ACTION ITEM: Every line below must be reproduced exactly; no pictures are to be included.

GIVEN INFORMATION:
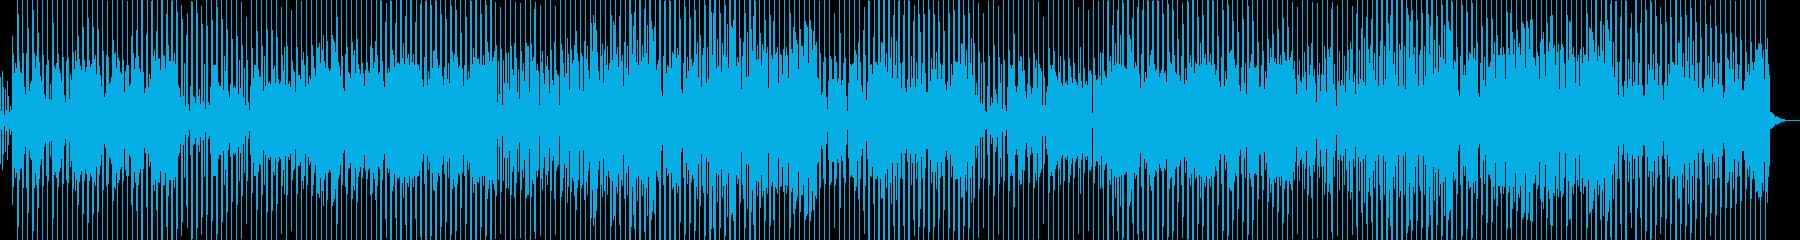 ポップ テクノ ファンク ラウンジ...の再生済みの波形
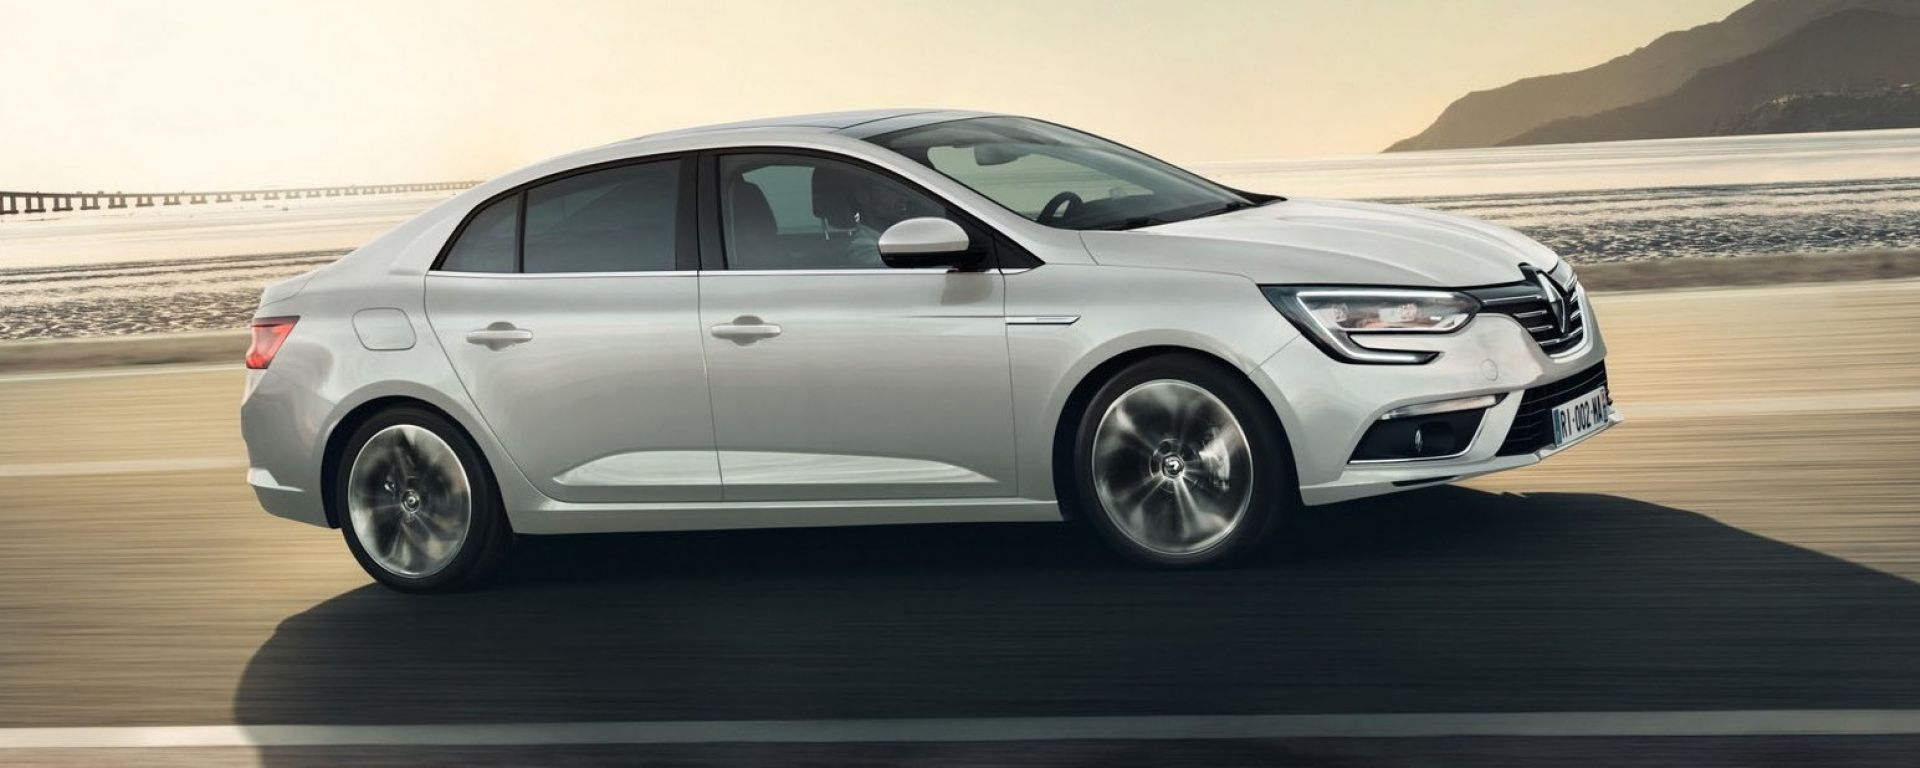 Renault Megane Grand Coupé: due allestimenti, Zen e Intens
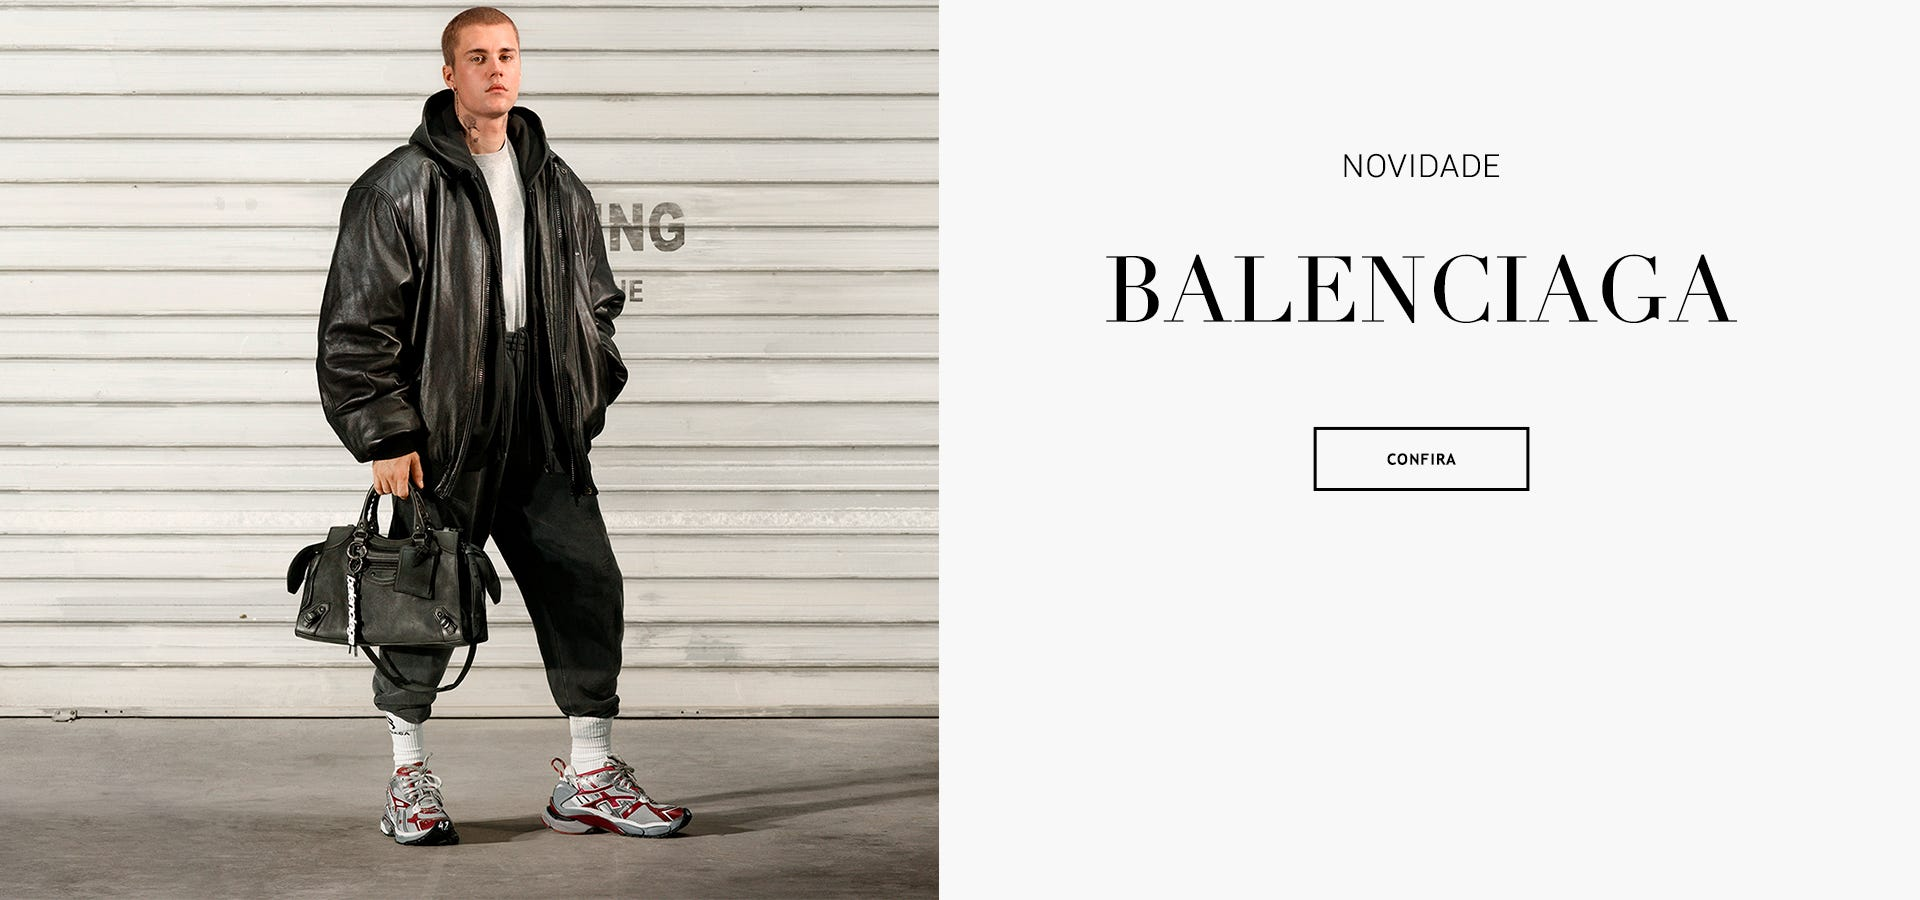 Moda de Luxo Bolsa Tenis Roupas Balenciaga Brasil Online. Confira

COMPLETED EXERCISE:
 ポップ テクノ ファンク ラウンジ...の再生済みの波形
 Renault Megane Grand Coupé: due allestimenti, Zen e Intens
 Moda de Luxo Bolsa Tenis Roupas Balenciaga Brasil Online. Confira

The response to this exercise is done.